After downloading models (using either option), your checkpoint directory structure should look like this:

```
./checkpoints/
|-- .cache/
|-- auxiliary/
|-- vae/
|   |-- config.json
|   `-- diffusion_pytorch_model.safetensors
|-- whisper/
|   `-- tiny.pt
|-- config.json
|-- latentsync_unet.pt  (~5GB)
|-- stable_syncnet.pt   (~1.6GB)
```

Make sure all these files are present for proper functionality.
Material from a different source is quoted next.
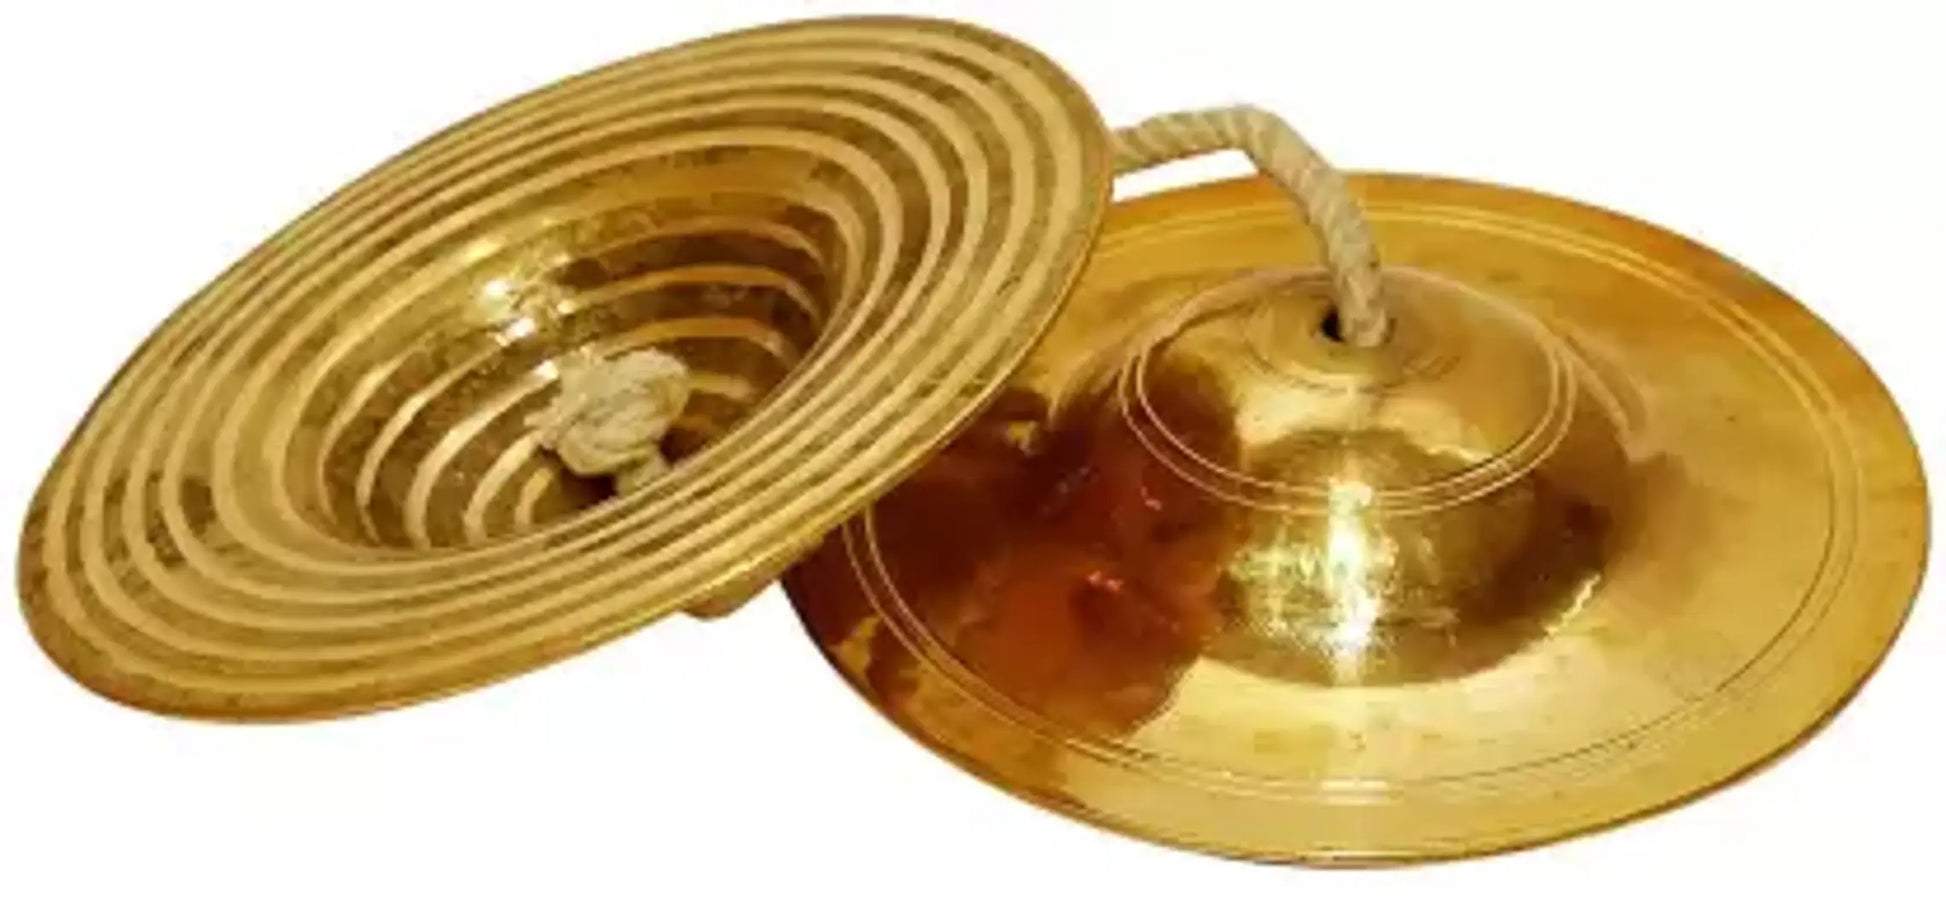 Brass Percussion Instrument - Hand Cymbals Manjira Pair - Indian Musical Instrument Kartal Instrument
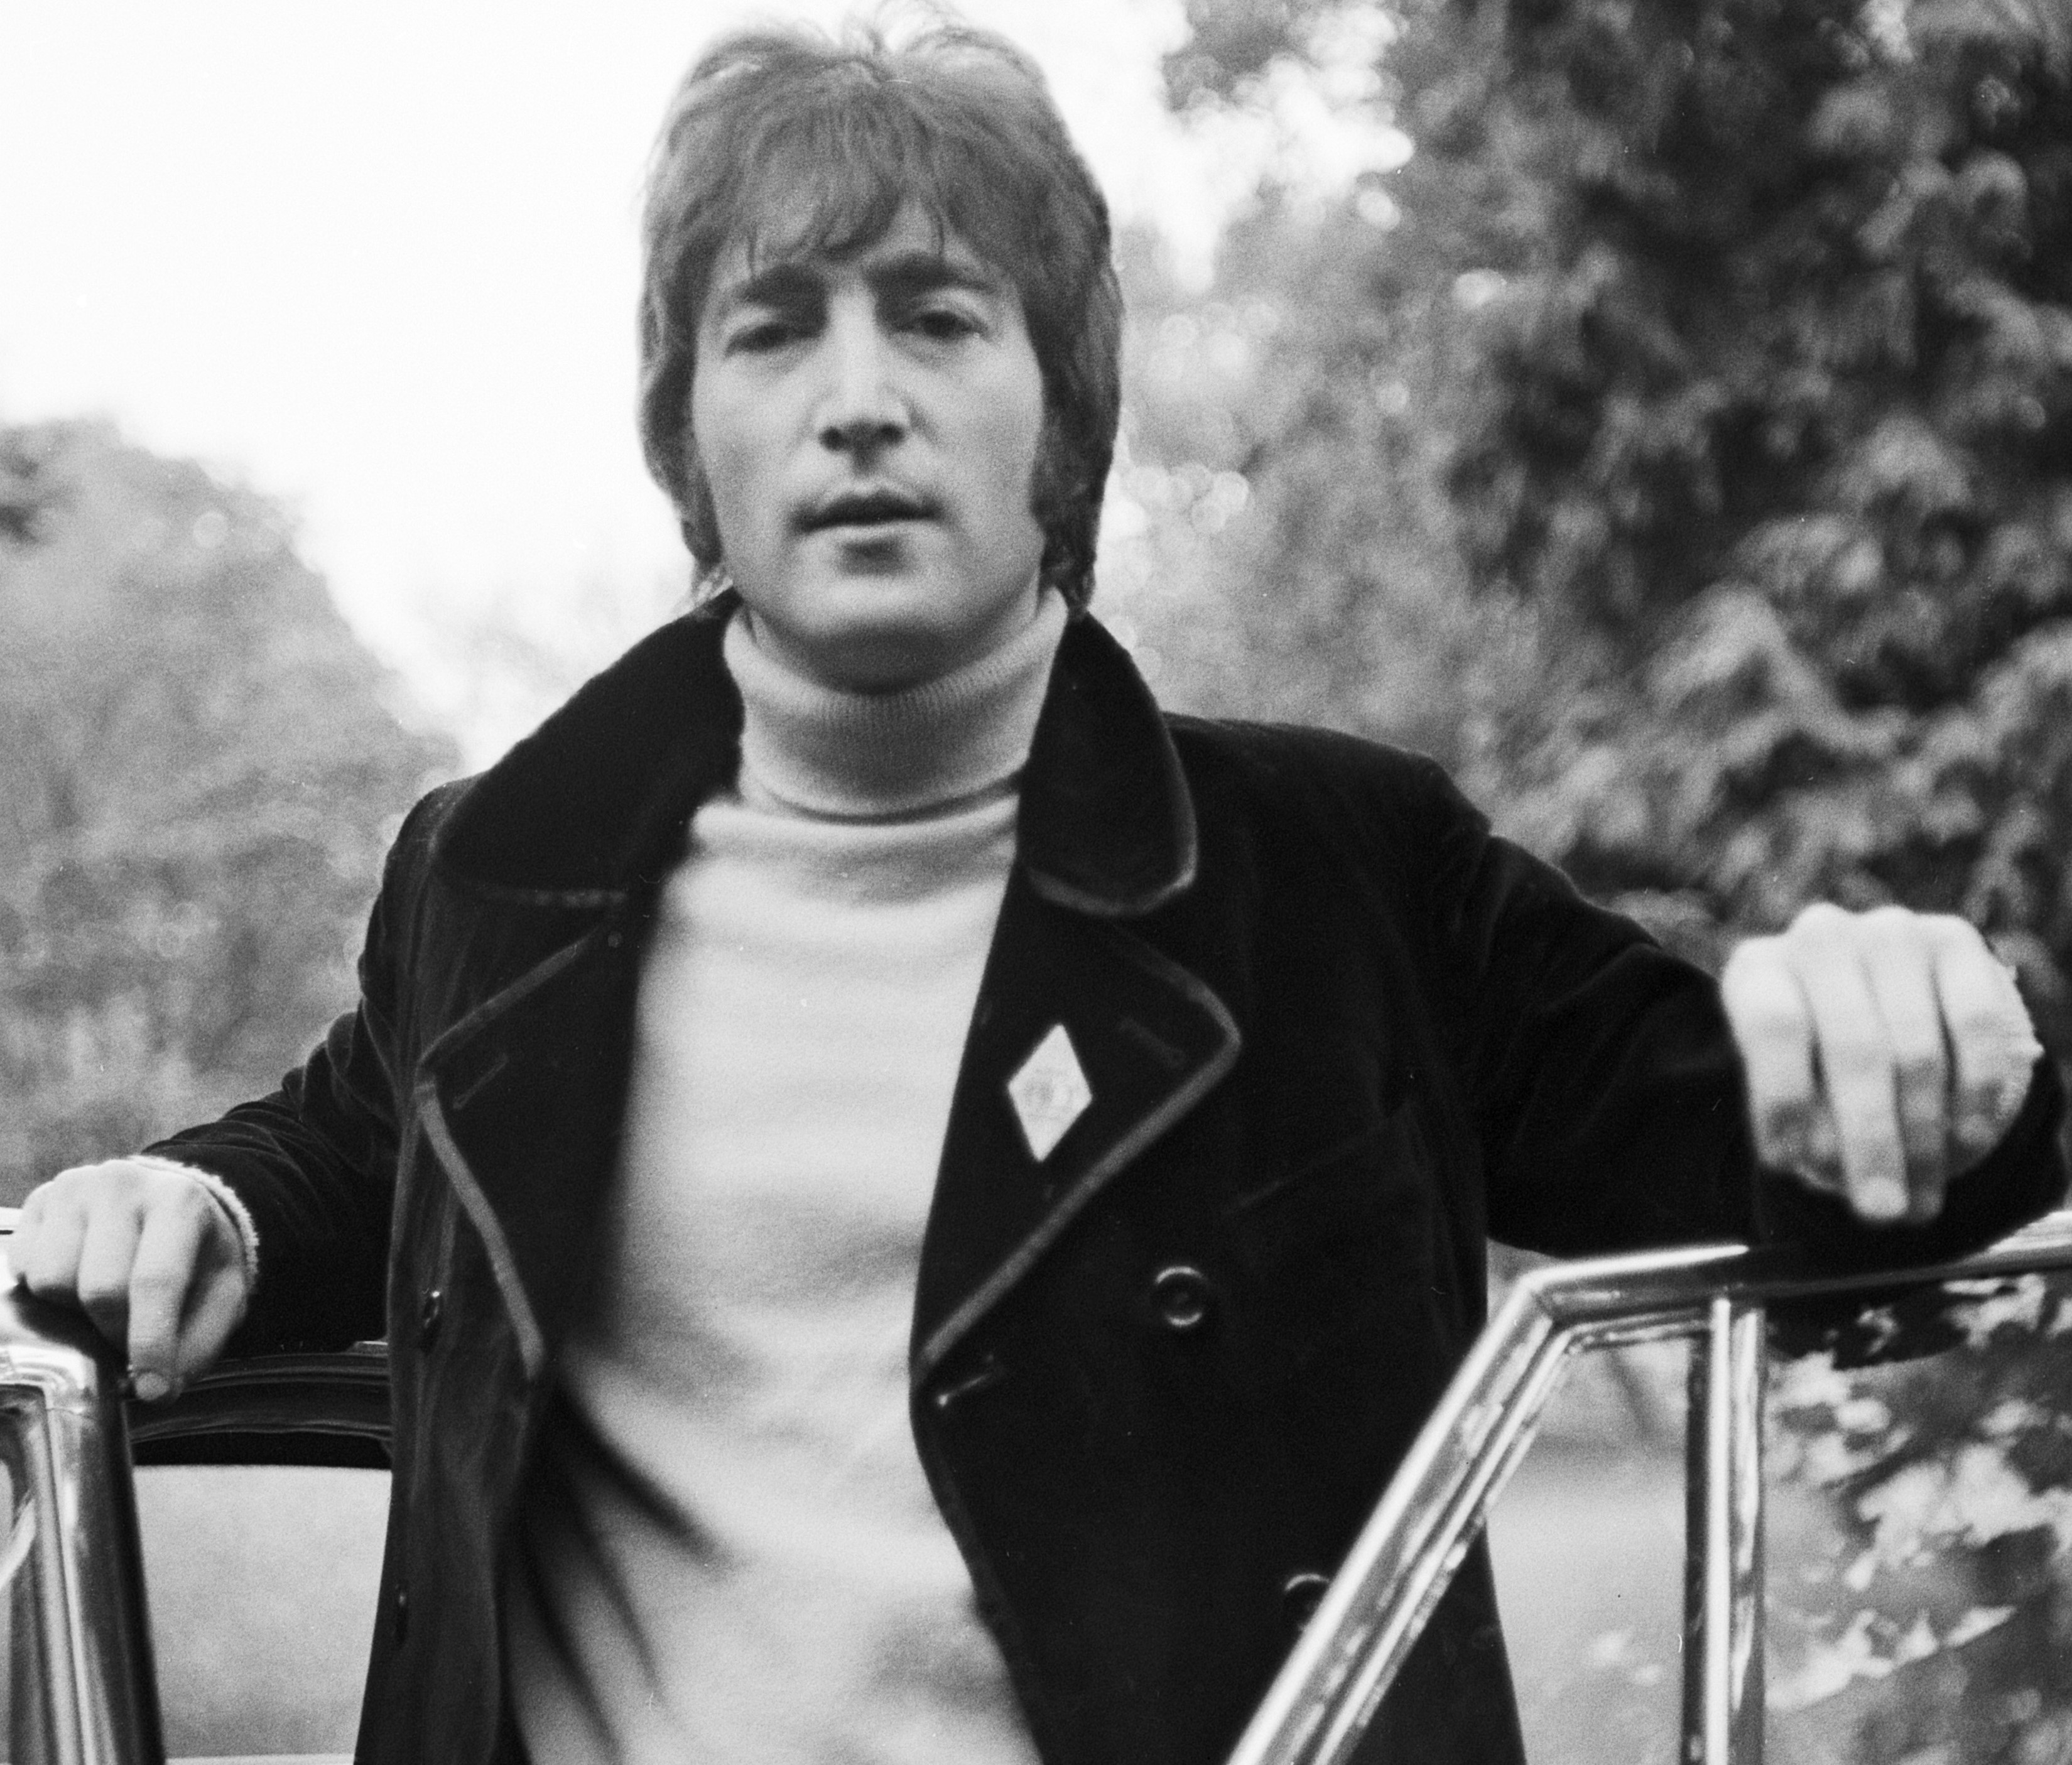 "Jealous Guy" singer John Lennon by a car

The main model files are:
- `vae/diffusion_pytorch_model.safetensors`: The Stable Diffusion VAE model for encoding/decoding
- `vae/config.json`: VAE configuration file
- `latentsync_unet.pt`: The primary LatentSync 1.6 model trained at 512×512 resolution
- `stable_syncnet.pt`: The SyncNet model for lip-sync supervision
- `whisper/tiny.pt`: The Whisper model for audio processing

## Usage

1. Select an input video file with AceNodes video loader
2. Load an audio file using ComfyUI audio loader
3. (Optional) Set a seed value for reproducible results
4. (Optional) Adjust the lips_expression parameter to control lip movement intensity
5. (Optional) Modify the inference_steps parameter to balance quality and speed
6. Connect to the LatentSync1.6 node
7. Run the workflow

The processed video will be saved in ComfyUI's output directory.

### Node Parameters:
- `video_path`: Path to input video file
- `audio`: Audio input from AceNodes audio loader
- `seed`: Random seed for reproducible results (default: 1247)
- `lips_expression`: Controls the expressiveness of lip movements (default: 1.5)
  - Higher values (2.0-3.0): More pronounced lip movements, better for expressive speech
  - Lower values (1.0-1.5): Subtler lip movements, better for calm speech
  - This parameter affects the model's guidance scale, balancing between natural movement and lip sync accuracy
- `inference_steps`: Number of denoising steps during inference (default: 20)
  - Higher values (30-50): Better quality results but slower processing
  - Lower values (10-15): Faster processing but potentially lower quality
  - The default of 20 usually provides a good balance between quality and speed

### Tips for Better Results:
- **Enhanced 512×512 Resolution**: LatentSync 1.6 provides significantly clearer teeth and lip details compared to version 1.5
- For speeches or presentations where clear lip movements are important, try increasing the lips_expression value to 2.0-2.5
- For casual conversations, the default value of 1.5 usually works well
- If lip movements appear unnatural or exaggerated, try lowering the lips_expression value
- Different values may work better for different languages and speech patterns
- If you need higher quality results and have time to wait, increase inference_steps to 30-50
- For quicker previews or less critical applications, reduce inference_steps to 10-15

## Known Limitations

- Works best with clear, frontal face videos
- Currently does not support anime/cartoon faces
- Video should be at 25 FPS (will be automatically converted)
- Face should be visible throughout the video
- **Requires manual model downloads** - LatentSync 1.6 models are hosted on a private HuggingFace repository, but a complete package is available via Google Drive
- Individual model downloads require access to the ByteDance/LatentSync-1.6 HuggingFace repository

## Credits

This is an unofficial implementation based on:
- [LatentSync 1.6](https://github.com/bytedance/LatentSync) by ByteDance Research
- [ComfyUI](https://github.com/comfyanonymous/ComfyUI)

## License

This project is licensed under the Apache License 2.0 - see the LICENSE file for details.